Images should not appear in the copy, yet every line of the listing below must be printed exactly.

Collected data.

====================

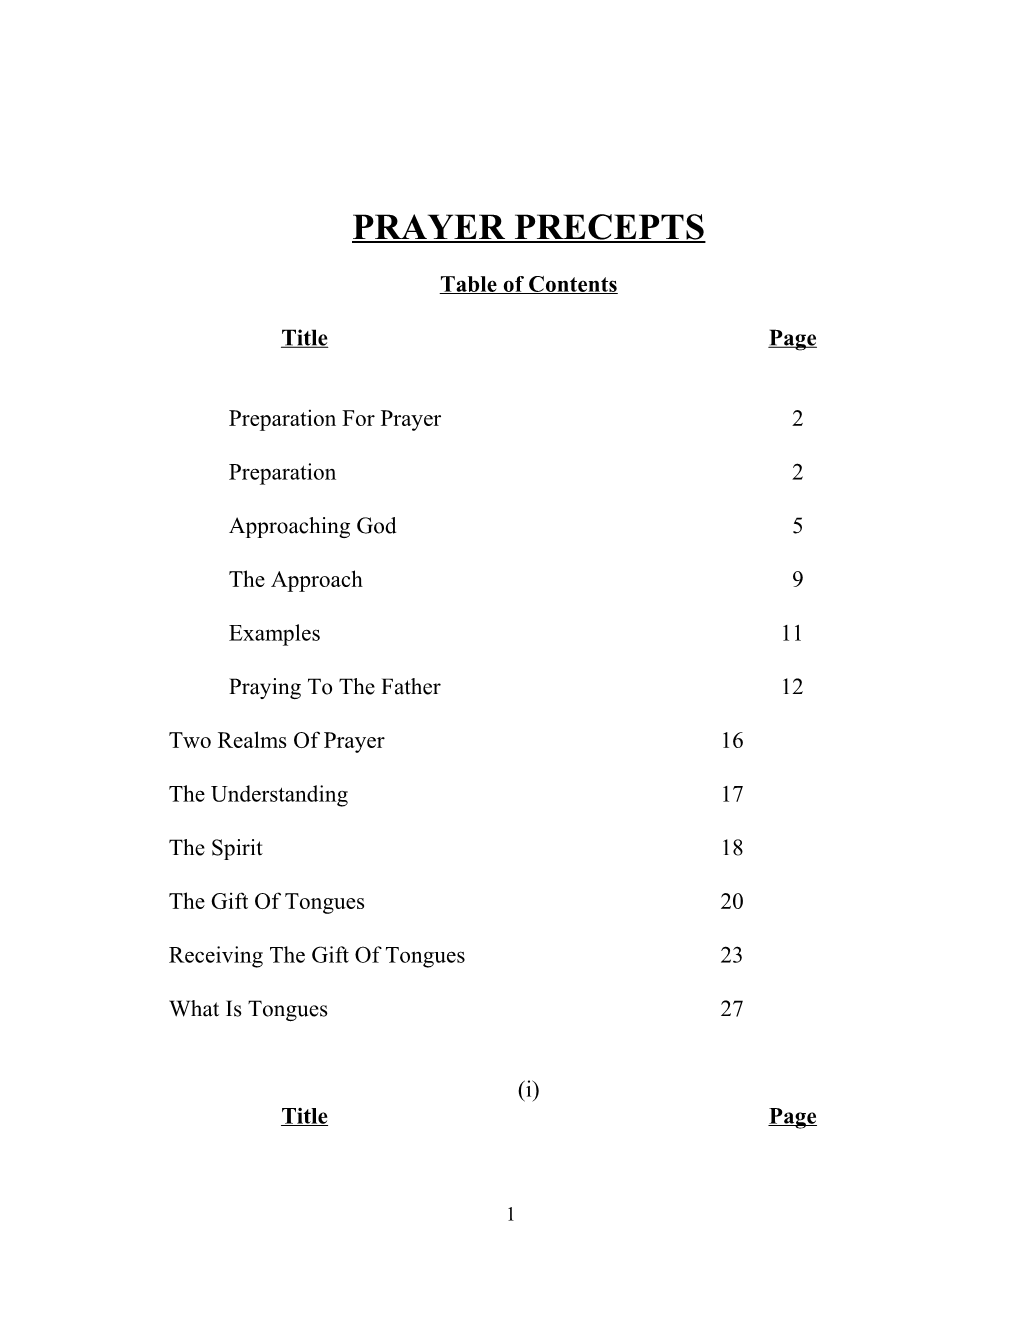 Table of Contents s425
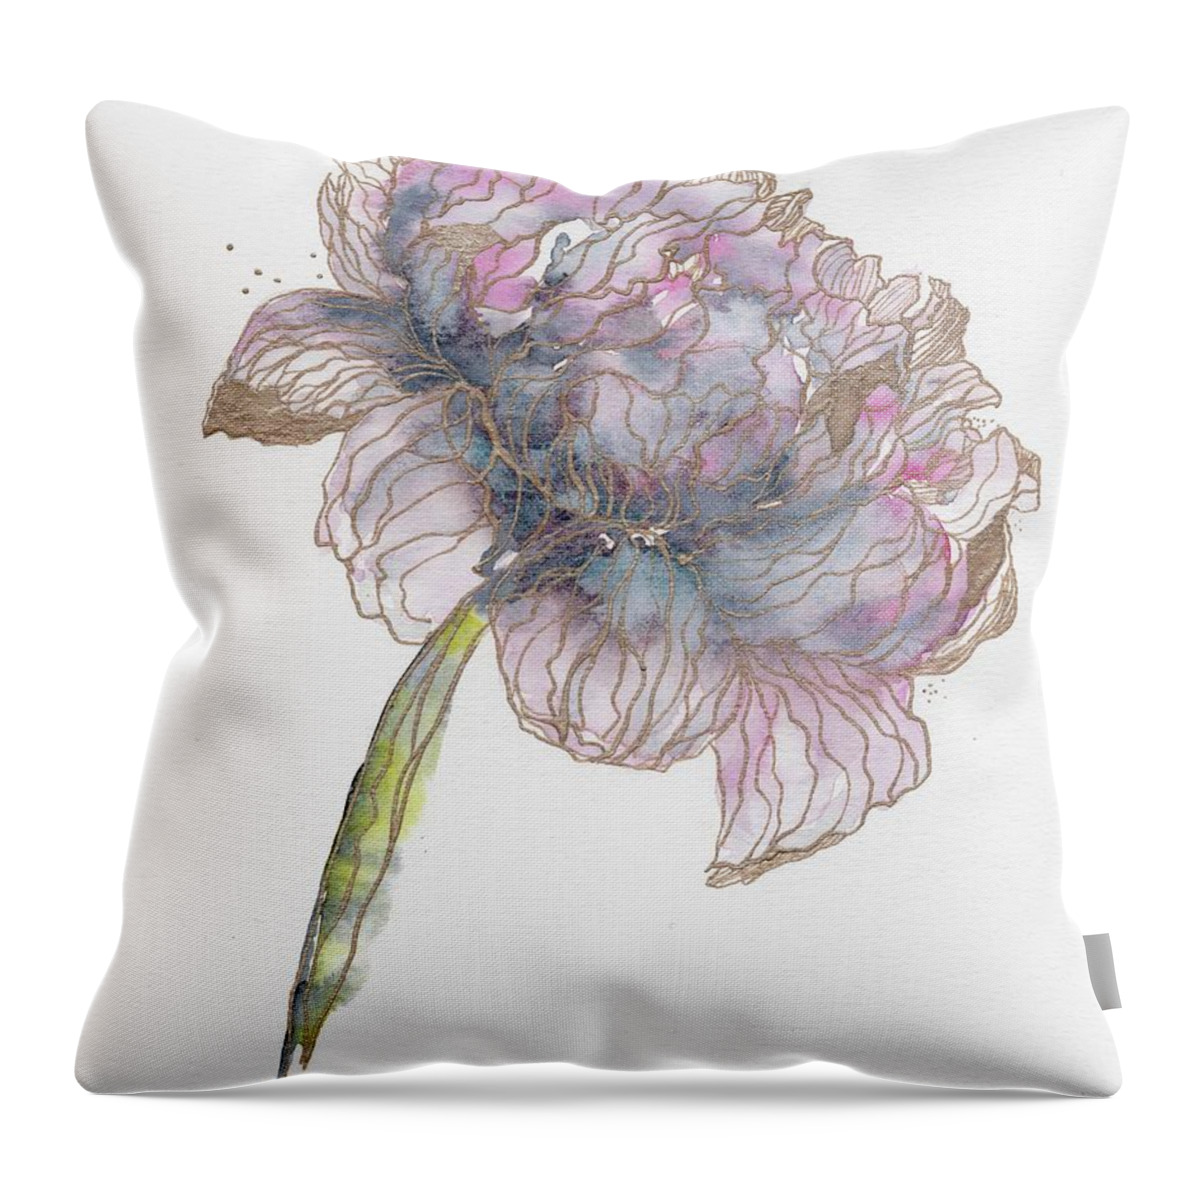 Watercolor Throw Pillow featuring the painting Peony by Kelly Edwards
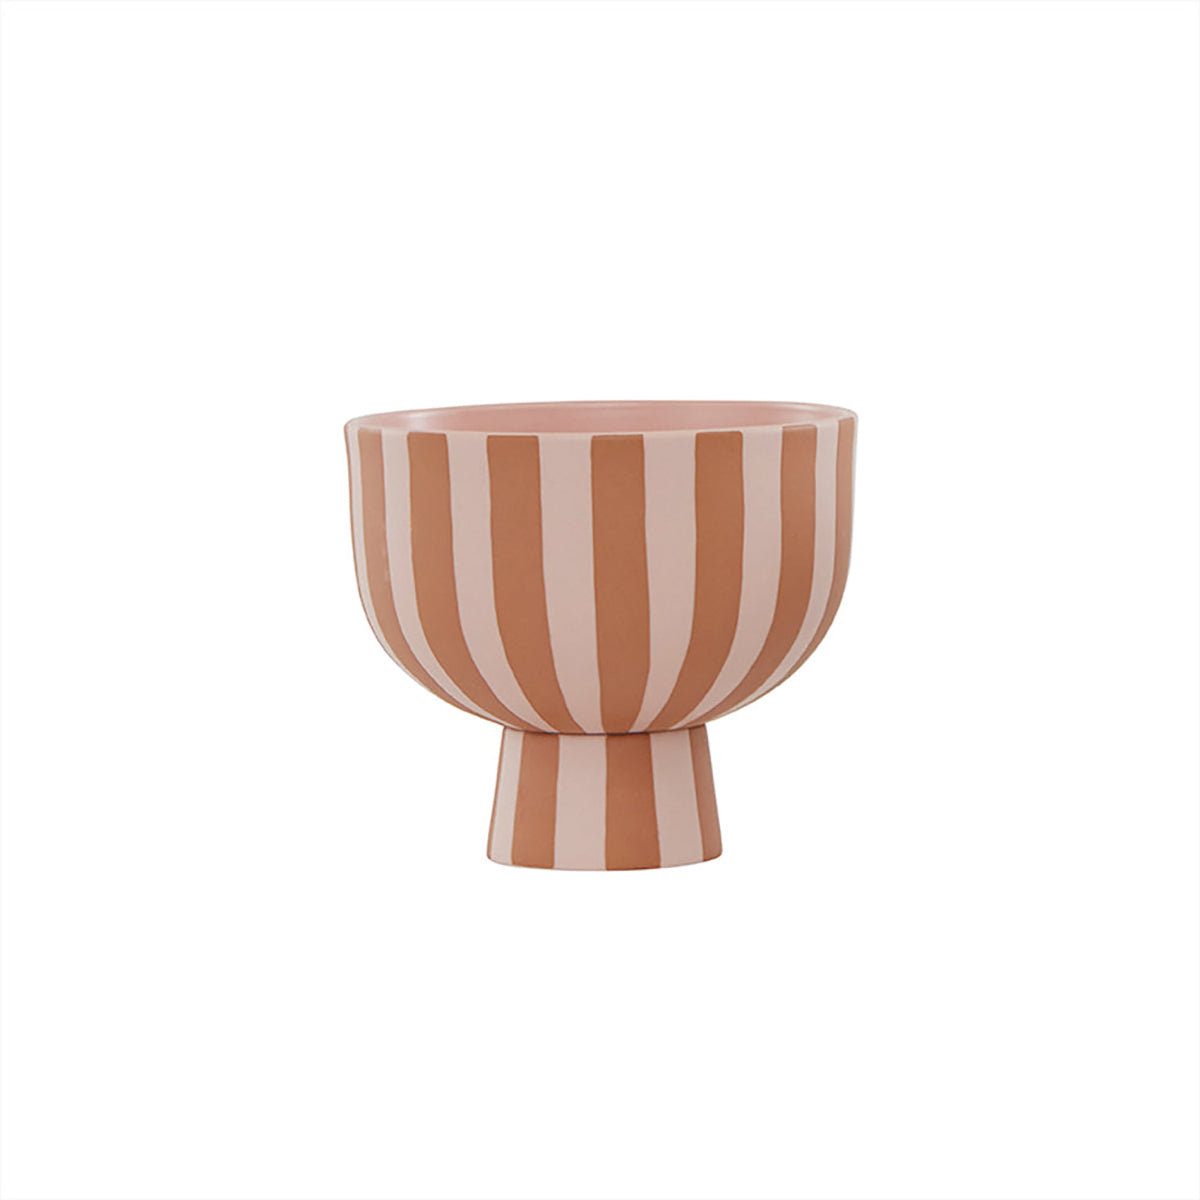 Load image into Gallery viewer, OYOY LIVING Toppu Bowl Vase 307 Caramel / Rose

====================

Problem solution.
 Table of Contents s425
 Watercolor Throw Pillow featuring the painting Peony by Kelly Edwards
 Load image into Gallery viewer, OYOY LIVING Toppu Bowl Vase 307 Caramel / Rose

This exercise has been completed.